▸ Try it
When you reproduce the listing, keep every word as it is and drop the pictures.

▸ Recorded data
-------

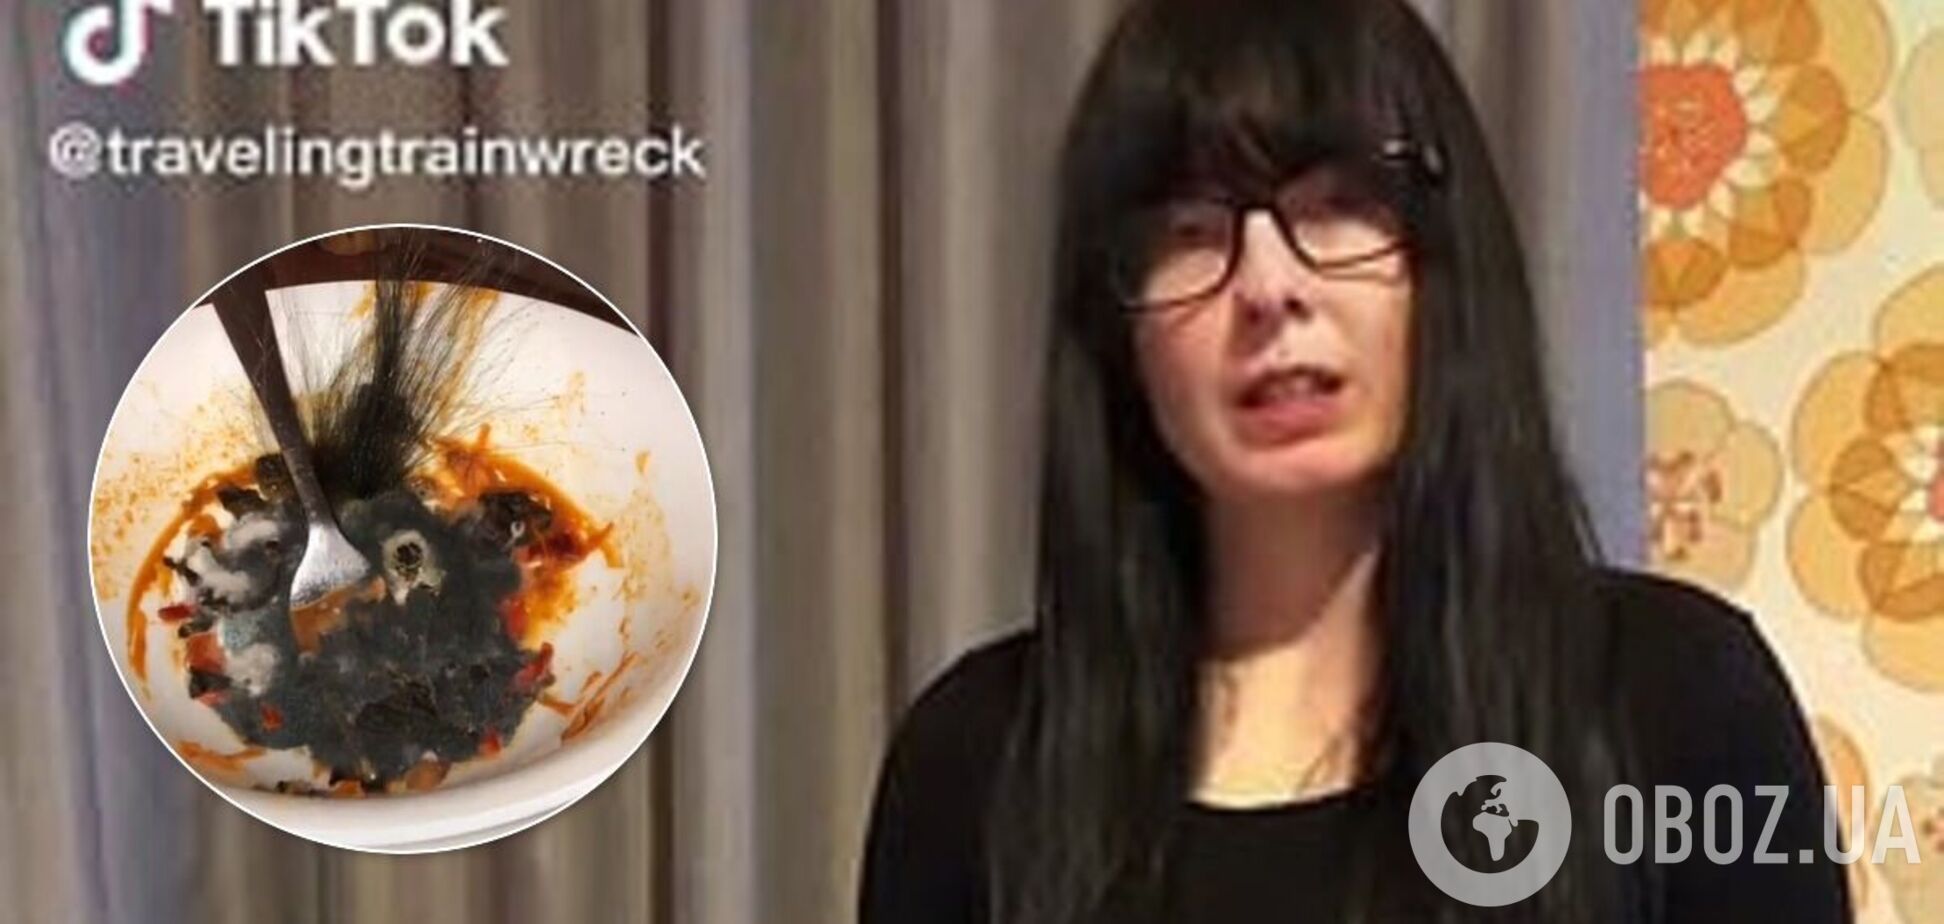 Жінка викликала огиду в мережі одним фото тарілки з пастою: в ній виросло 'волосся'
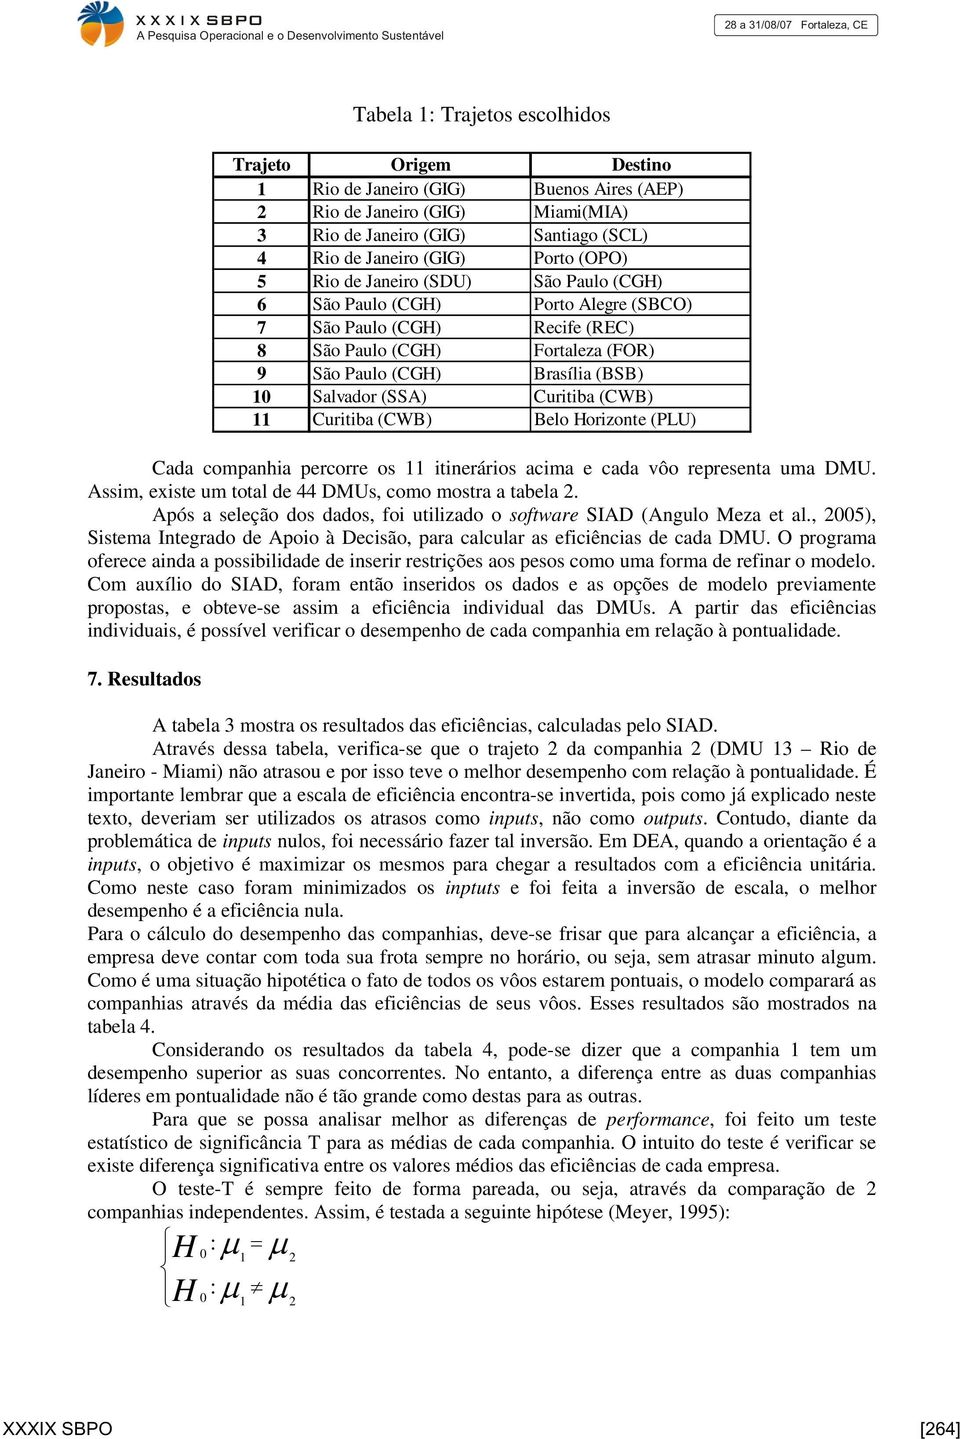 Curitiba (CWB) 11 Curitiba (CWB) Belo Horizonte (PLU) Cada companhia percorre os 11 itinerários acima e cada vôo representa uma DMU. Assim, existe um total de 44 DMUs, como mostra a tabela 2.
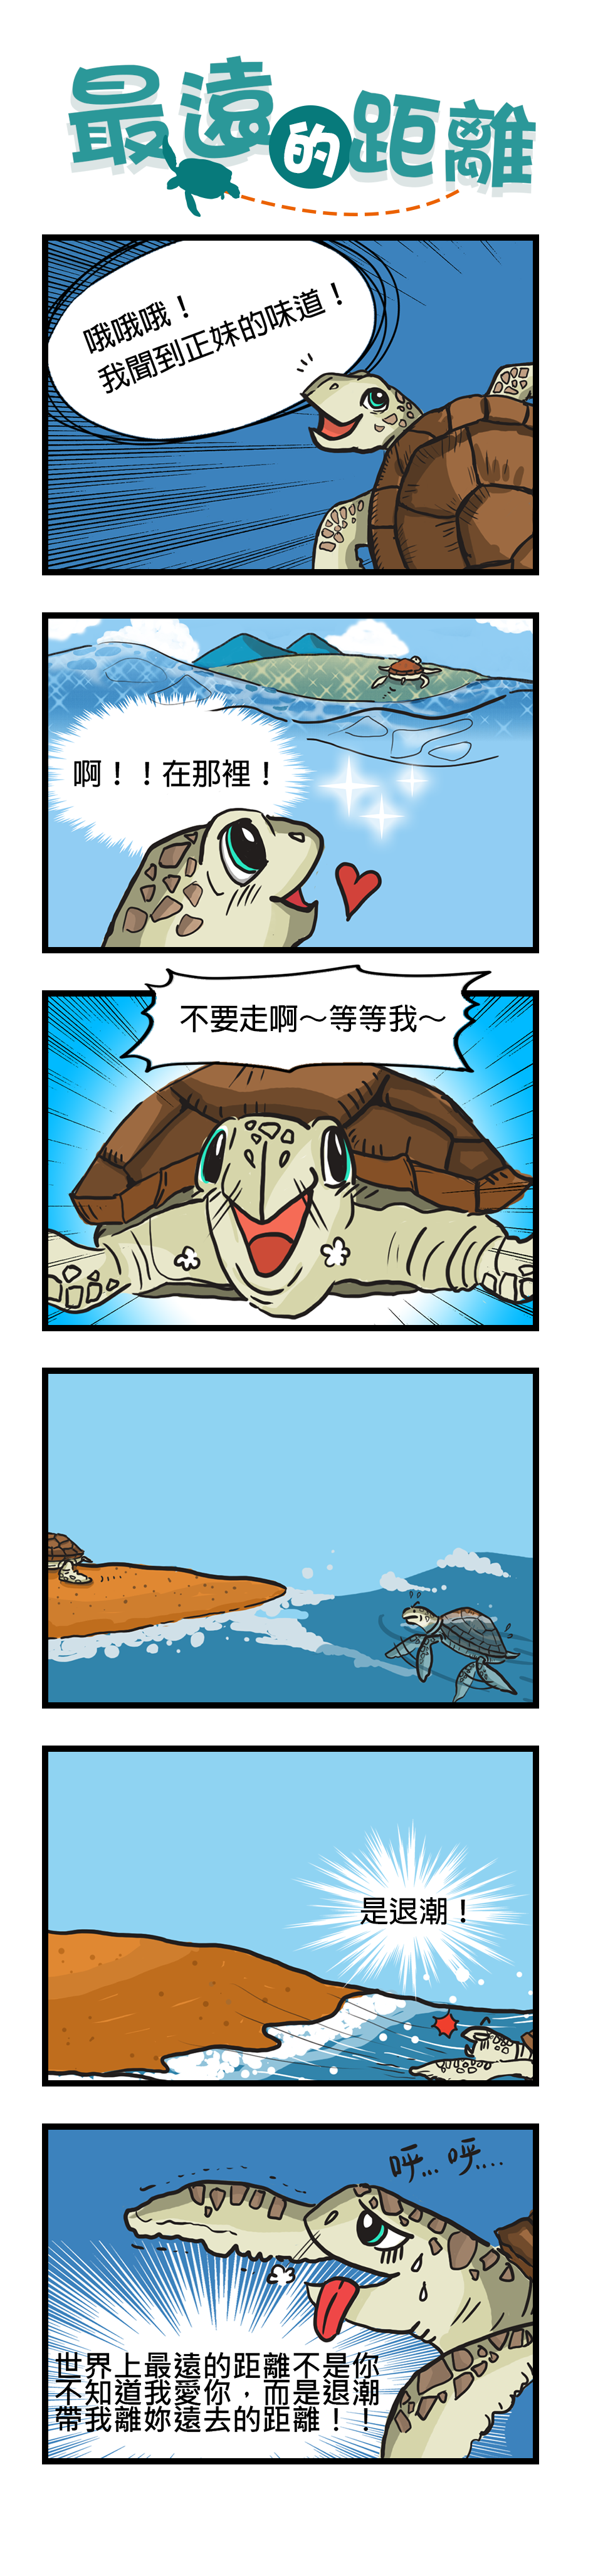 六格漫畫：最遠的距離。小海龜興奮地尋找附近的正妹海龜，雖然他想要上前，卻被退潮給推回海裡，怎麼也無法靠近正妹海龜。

-------

▸ Response
 Жінка викликала огиду в мережі одним фото тарілки з пастою: в ній виросло 'волосся'
 Curitiba (CWB) 11 Curitiba (CWB) Belo Horizonte (PLU) Cada companhia percorre os 11 itinerários acima e cada vôo representa uma DMU. Assim, existe um total de 44 DMUs, como mostra a tabela 2.
 六格漫畫：最遠的距離。小海龜興奮地尋找附近的正妹海龜，雖然他想要上前，卻被退潮給推回海裡，怎麼也無法靠近正妹海龜。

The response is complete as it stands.